By Donald Wittkowski

The financially struggling Ocean City Housing Authority is running at a $100,000 loss as it awaits a crucial payment from Washington, D.C., that has been held up by delays in getting the federal budget approved.

Jacqueline Jones, the housing authority’s executive director, said the agency will be “very, very low on cash” through Sept. 30, the end of the fiscal year.

“That’s a great concern, obviously,” Jones told the authority’s commissioners while giving a financial report during their monthly board meeting Tuesday.

The authority’s finances have been strained by a late $117,000 payment from the U.S. Department of Housing and Urban Development. Normally, the money would have arrived from HUD months ago, but has been held up by delays with the federal budget’s approval in Washington, Jones explained.

“So, we’re going to be watching our pennies, literally, through the next month or so,” she said.

The HUD funding can be used for both the housing authority’s capital and operating expenses. The money is not expected to come to the authority until the start of the new fiscal year on Oct. 1.

Until then, the authority will tighten its belt and hold off on any extra capital projects, although it will keep up with basic maintenance repairs, according to Jones.

During their board meeting, the housing authority commissioners heard a report about the agency’s tenuous finances.

Looking to cut costs, the authority will eliminate one job beginning Oct. 1, but other positions will remain untouched, said Bob Barr, a city councilman who serves as board chairman. The job being cut is occupancy clerk.

The housing authority continues to implement a series of management and financial reforms following the removal of former Executive Director Alesia Watson, who was fired on May 16, a week after pleading guilty to an embezzlement scheme.

Watson, 54, of Galloway Township, faces a maximum sentence of one year in prison and a $100,000 fine for embezzling federal housing funds to pay off credit card bills for her personal expenses. She was originally scheduled to be sentenced on Tuesday, but the date has been postponed until Sept. 7 for undisclosed reasons.

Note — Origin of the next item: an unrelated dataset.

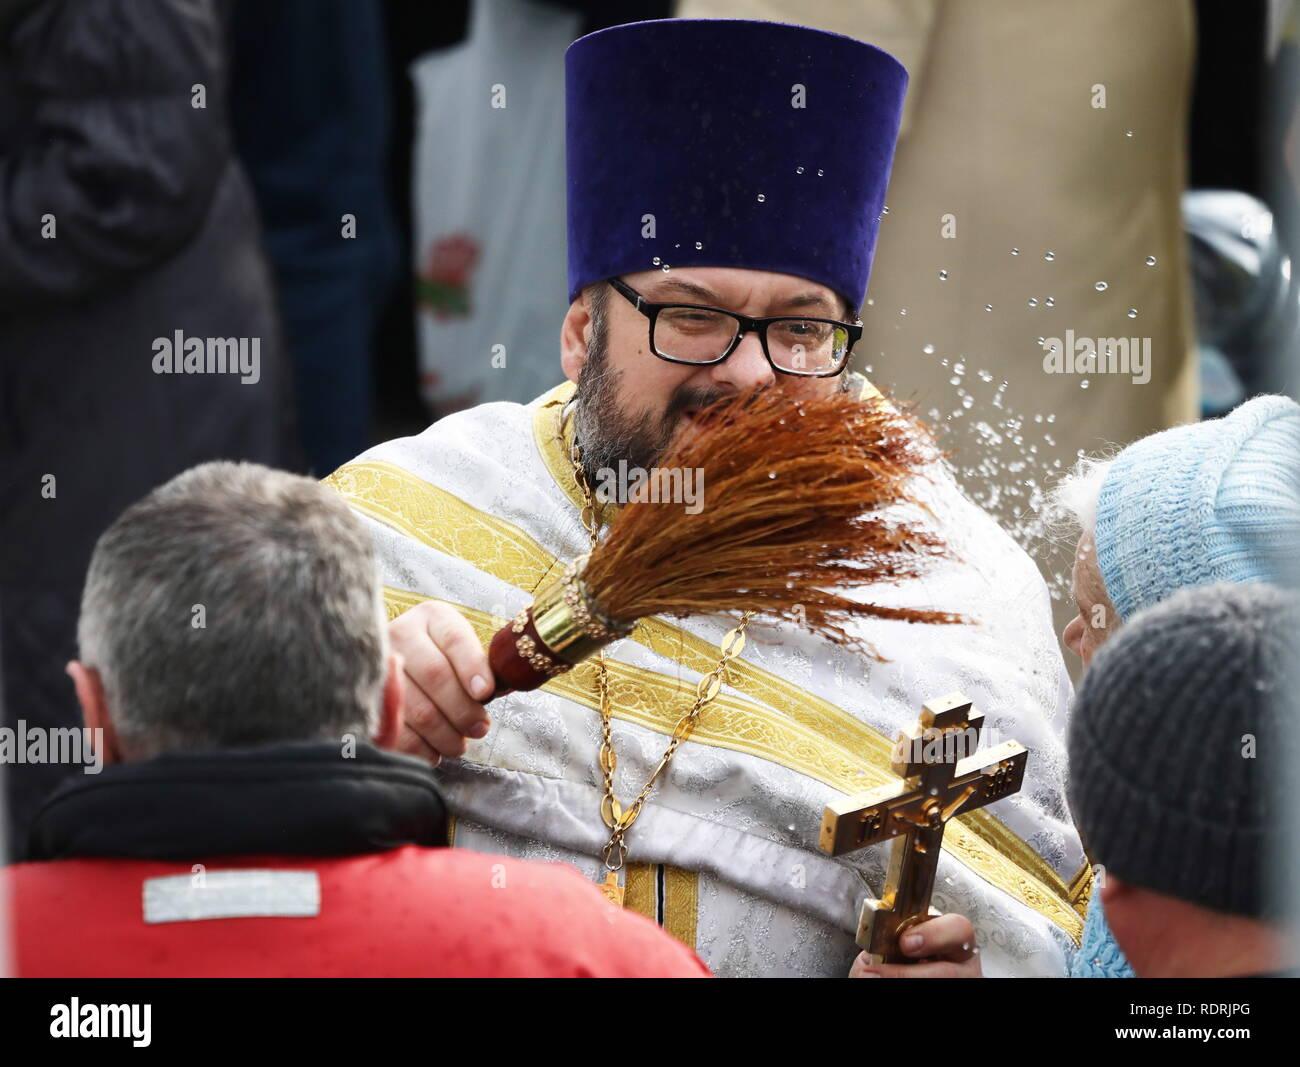 Sudak Russland Jan 2019 19 Krim Russland Januar 19

During her guilty plea on May 8, Watson admitted misusing two housing authority credit cards to buy 69 MasterCard gift cards between December 2013 and March 2015. The gift cards were used for personal expenses and were also shared by Watson with friends and family members, authorities said.

Watson then used HUD funds administered by the authority to pay off the credit card bills associated with her purchase of the gift cards, according to the U.S. Attorney’s Office. Authorities said between $6,500 and $15,000 was lost in the embezzlement scheme.

After Watson was removed, the board brought on Jones, a veteran housing executive, to help rebuild the troubled agency. Jones also serves as executive director of the Vineland Housing Authority. Jones has taken on the same duties at the Ocean City Housing Authority under a shared services agreement with the Vineland Housing Authority.

The Ocean City Housing Authority uses federal funds to provide affordable housing for low-income senior citizens, families and the disabled at its Pecks Beach Village and Bay View Manor facilities.

The housing authority is ending the practice of tenants at Bay View Manor renting out their parking spaces during the Ocean City Block Party festivities.

In other business at Tuesday’s board meeting, the authority announced that tenants at the Bay View Manor senior citizens complex would no longer be allowed to rent out their parking spaces during the Ocean City Block Party festivities in May and October.

The block party is a hugely popular tourist attraction in the spring and fall, drawing tens of thousands of visitors to Ocean City’s downtown area for a weekend of shopping, dining and sightseeing. Parking is usually at a premium with so many visitors in town.

Barr and Jones said some tenants at Bay View Manor would capitalize on the block party by renting out their parking spaces to visitors. In some cases, they “force” other Bay View Manor tenants to move their cars, too, to create even more parking spaces that are rented out, Barr said.

“It’s not fair to ask a housing authority tenant to move from the parking spot,” he said.

Both Barr and Jones noted that the tenants have been renting out the parking spaces without the approval of the housing authority. The authority has not been able to find out where the money goes, they added.

A parking operation is not allowed on the housing authority’s public property if the money does not go back to the agency, Jones said.

A major concern is that the authority could be exposed to liability lawsuits if someone suffered an injury on the Bay View Manor property while they were directing cars in the parking lot.

“It’s a very sticky situation,” Barr said. “I think the practice should end.”